While the emulsion layer and the processing element are maintained in contact for the desired length of time, they can be provided with holes or other means to assist in realignment. The employment of registration holes for alignment purposes is widely used in the graphic arts. The processing element is separated from the substantially completely developed and fixed negative image emulsion layer which requires no further processing of any kind, either washing or stabilization, for usual photographic purposes. However, it is sometimes desirable to employ a short water wash.

This process is more fully described in U.S. Pat. No. 3,179,517, to Tregillus et al., which patent is hereby incorporated by reference.

The positive image layer, which comprises the processing element may take any suitable form or shape. For example, it may consist of a pad, sheet, strip or web of hydrophilic material either unsupported or coated on a suitable support such as glass, metal, paper, polyethylene, polypropylene, polystyrene, polyethylene terephthalate, cellulose esters such as cellulose acetate, or the like.
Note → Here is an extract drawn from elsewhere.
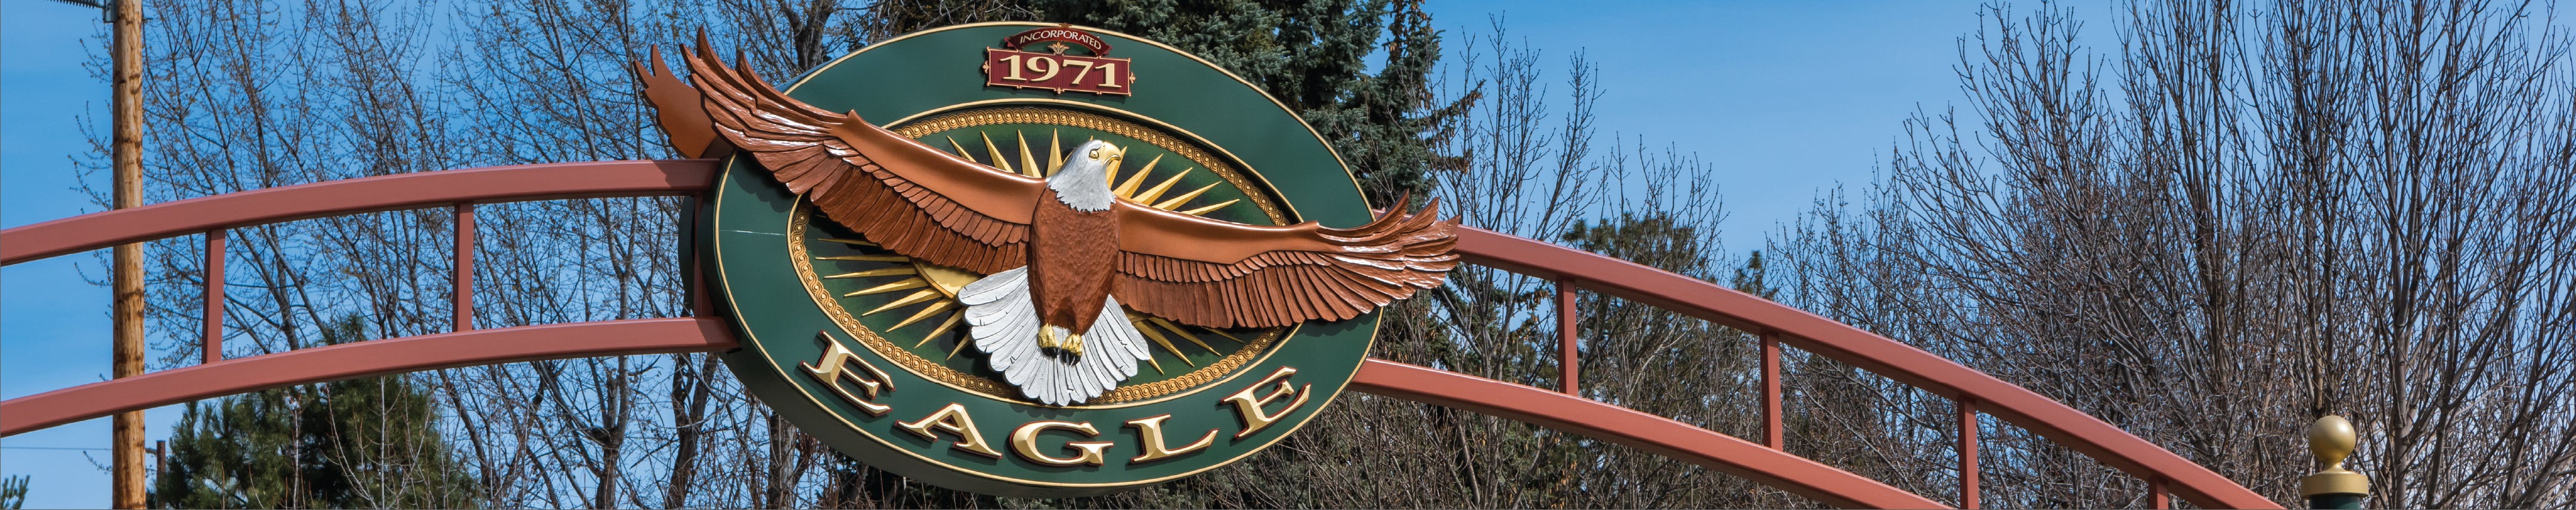 Entrance banner to Eagle, Idaho
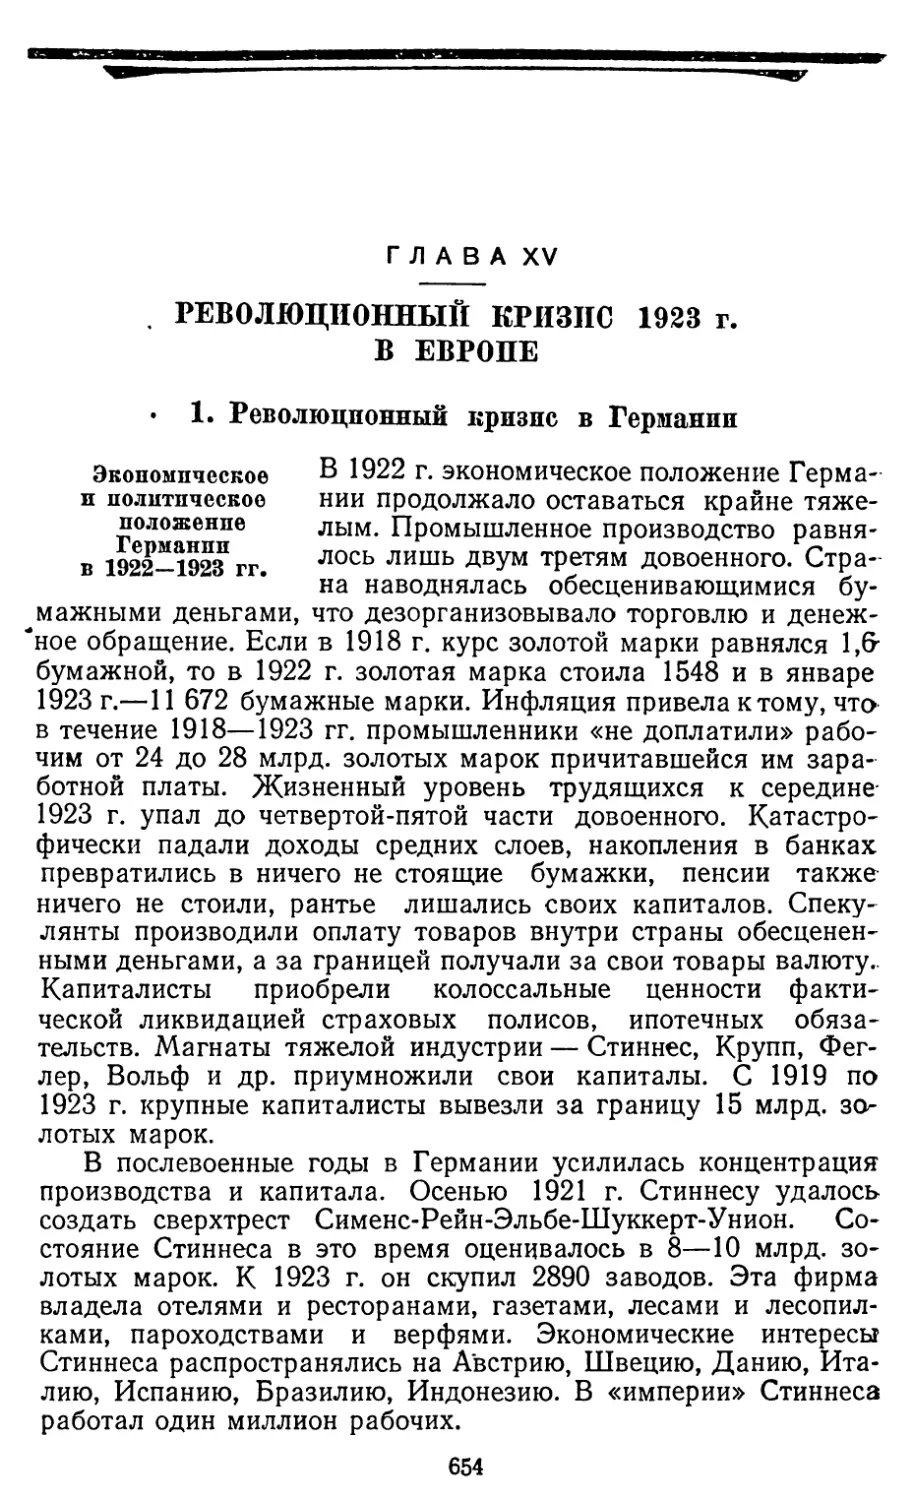 Глава XV. РЕВОЛЮЦИОННЫЙ КРИЗИС 1923 г. В ЕВРОПЕ

Transparent supports must be employed if the image layer is maintained on the support while the resist is exposed through it. It the support is removed from the image layer prior to exposure then opaque supports can be used as well.

Suitable hydrophilic organic colloids for the processing element include gelatin, cellophane, polyvinyl alcohol, hydrolyzed cellulose acetate, cellulose ether phthalate, carboxylated rubber, and similar materials. Particularly useful hydrophilic materials are gelatin and a copolymer made up of 80 percent acrylic acid and 20 percent ethyl acrylate.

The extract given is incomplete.